The application provides an information desensitization method of big data, a storage medium and a server, wherein the method comprises the following steps: acquiring an original data set, wherein the original data set comprises a plurality of pieces of original data; extracting entity, relation and attribute for each piece of original data, and determining sensitive information (information exposing user privacy) in the entity and the attribute; performing primary desensitization treatment (comprising one or more of desensitization replacement, hiding and generalization) on the sensitive information, and generating condition information based on the entity, relationship and attribute after the primary desensitization treatment; and generating a generator in the countermeasure network by using the trained conditions, generating a synthetic sample based on the condition information and the random vector, and finally obtaining a desensitization data set consisting of a plurality of synthetic samples. The condition generation countermeasure network is used for generating a desensitization data set which can be used for post-processing (such as data analysis, mining and the like) based on the original data set, so that the privacy of a user is protected, and the post-processing requirement of the data is met.

Description

Information desensitization method for big data, storage medium and server
Technical Field
The present application relates to the field of big data technologies, and in particular, to an information desensitizing method, a storage medium, and a server for big data.
Background
The desensitization of sensitive information of big data is an important measure for protecting personal privacy and data security. During the course of large data processing, sensitive data including personal identity, financial information, medical records, etc. may be involved, and in order to prevent such data from being abused or compromised, desensitization measures may be taken to effectively reduce risk.

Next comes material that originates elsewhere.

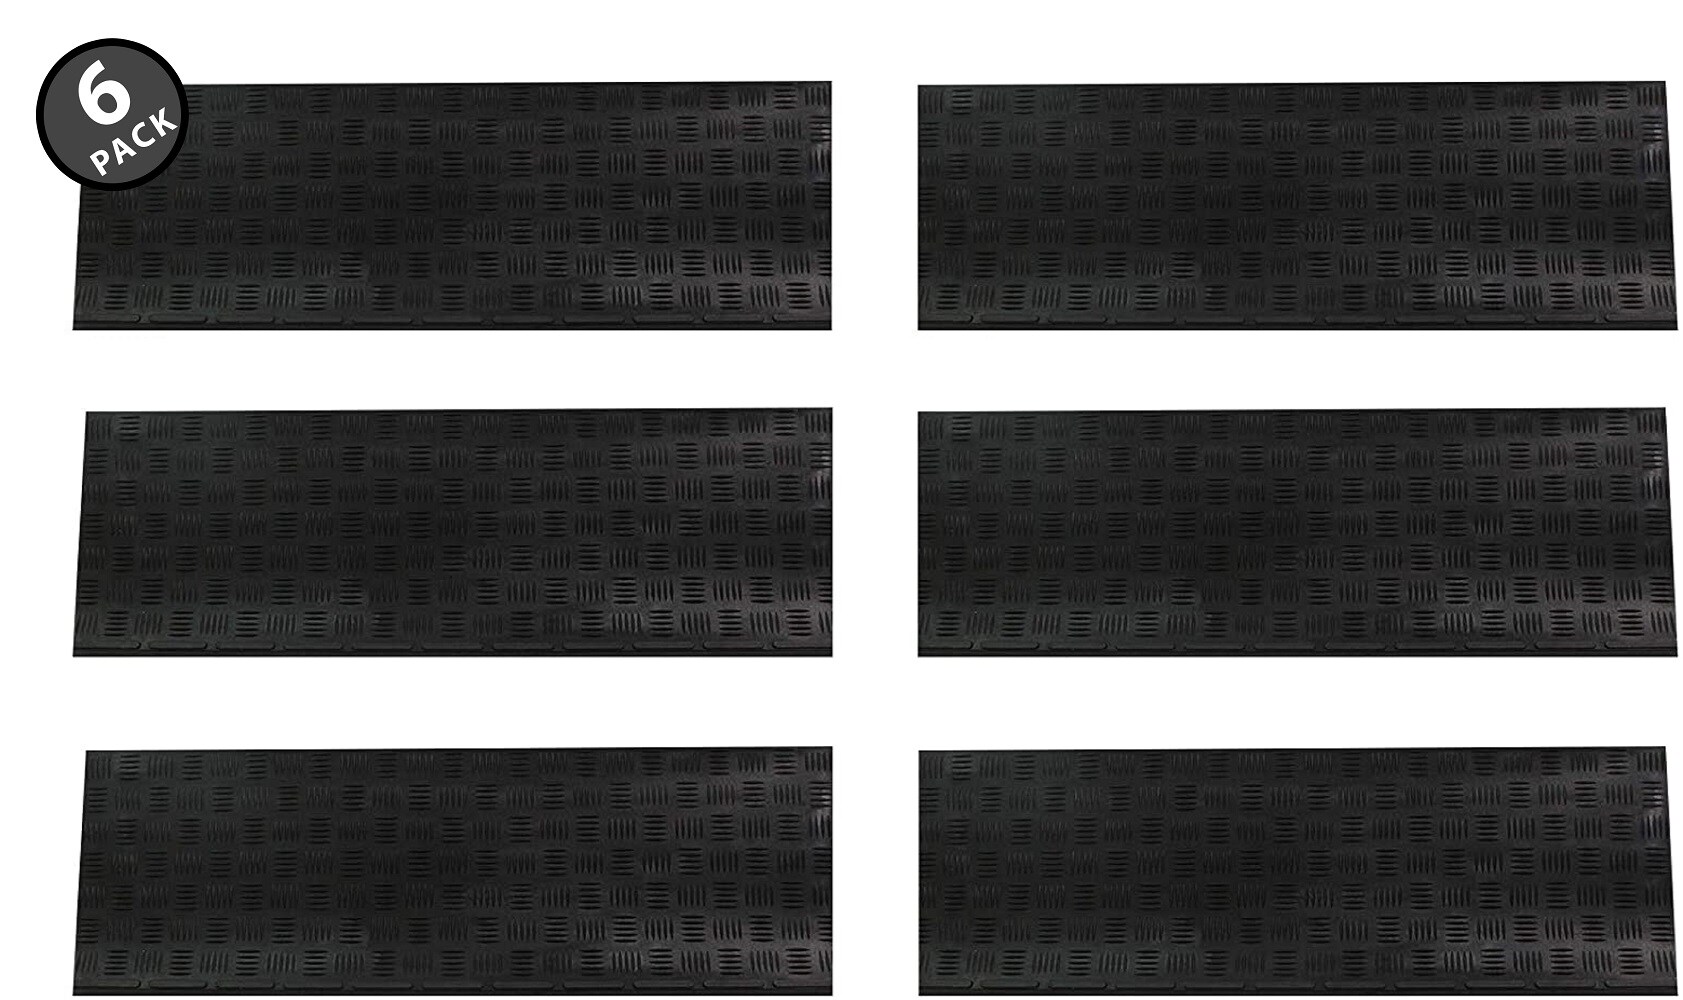 Envelor Interlocking Anti Fatigue Rubber Floor Mat, 4 Pack, 36 in. x 36 in. - Black

Desensitization of sensitive information refers to processing sensitive data to eliminate or replace sensitive content therein so that the data no longer has the ability to directly identify individuals or sensitive information while maintaining availability. Common sensitive information desensitization methods include:
anonymization: by deleting or replacing personal identification information, such as name, identification card number, etc., the data cannot be directly associated with a particular individual.
Encryption: the encryption algorithm is used to encrypt the sensitive data, ensuring that only authorized users can decrypt and access the original data.
De-labeling: the personal identity information is separated from other attributes such that the identification information in the data cannot be directly associated with the personal identity.
Data perturbation: randomizing, perturbing or blurring the sensitive data to reduce the recognizability of the sensitive information in the data.
Data masking: generalized symbols or placeholders are used instead of sensitive data to hide the true sensitive information.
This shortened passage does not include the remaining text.